Reuters cited a vice minister in charge of mining as saying that China will extend a period of consolidation in the mining sector well into 2009, after high profits enabled miners to avoid merging for longer than expected.
A nearly two year effort to resolve overlapping claims and consolidate deposits being mined by several firms was to end by 2008, but Beijing had not counted on strong prices, particularly for coal, which made miners unwilling to relinquish their stakes.
Mr Wang Min vice minister of land and resources said that "The main mines have complied but we still have certain challenges with the small ones. The main difficulty is the competing interests of the players, when we wish to use economic means to persuade them to merge. We will have to continue to push and with greater force."

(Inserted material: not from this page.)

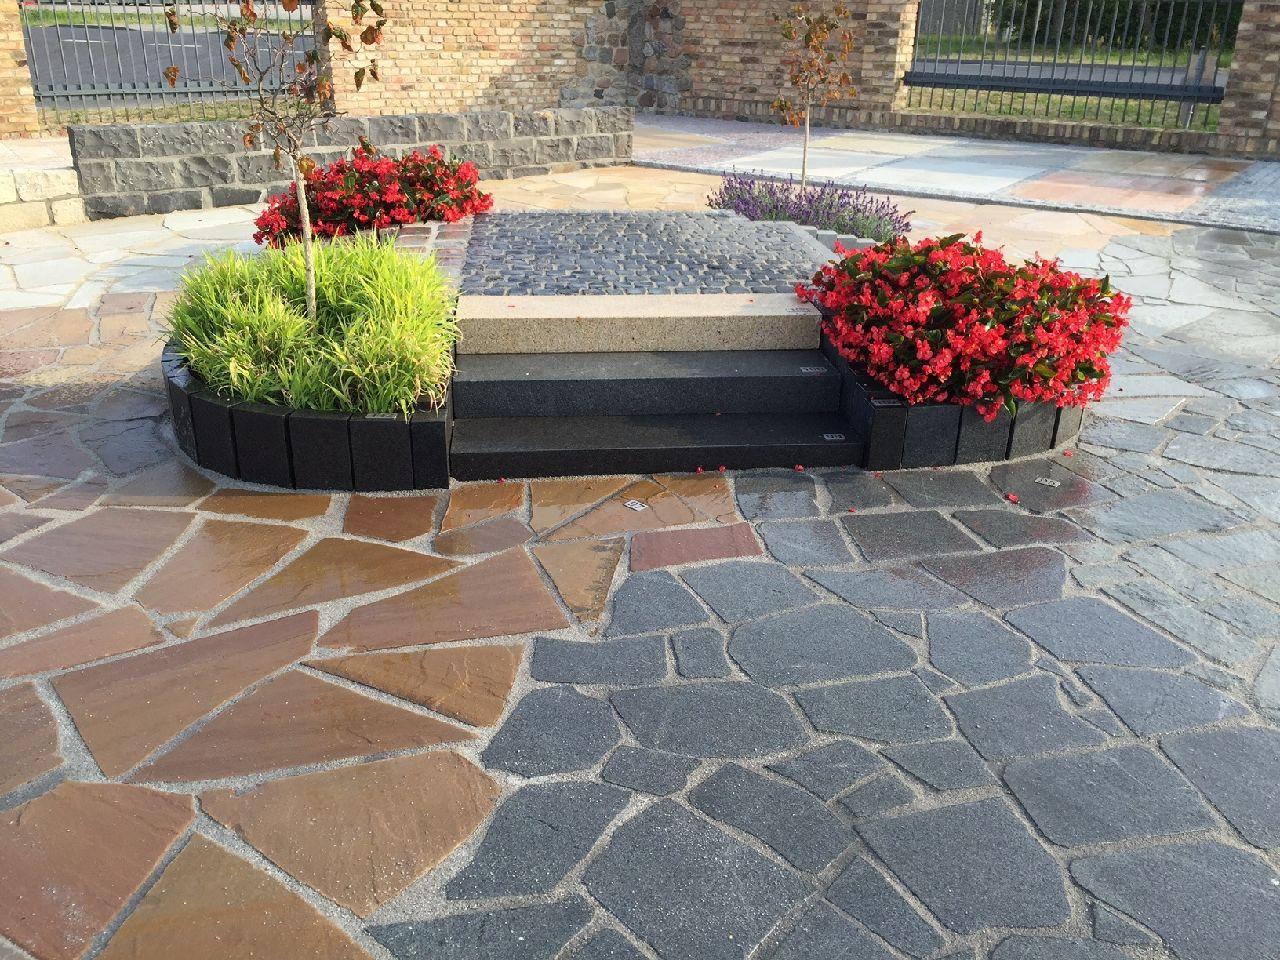 Polygonalplatten, Blockstufen, Palisaden | Granit, Quarzsandstein, Basalt

The ministry had envisaged creating a handful of large mining firms that could exploit domestic deposits efficiently be more responsive to environmental and safety standards, and ultimately compete internationally.
That process has partially worked, with mining in some provinces increasingly concentrated under local champions such as Western Mining in Qinghai province in the west, Hunan Nonferrous Metals Corporation Limited in the south or Jiangxi Copper in the east.
During the reorganization, some foreign mining investors reported greater difficulty in some provinces in obtaining licenses. That partly reflected Chinese planners' frustration with junior miners buying and selling stakes without fulfilling exploration commitments.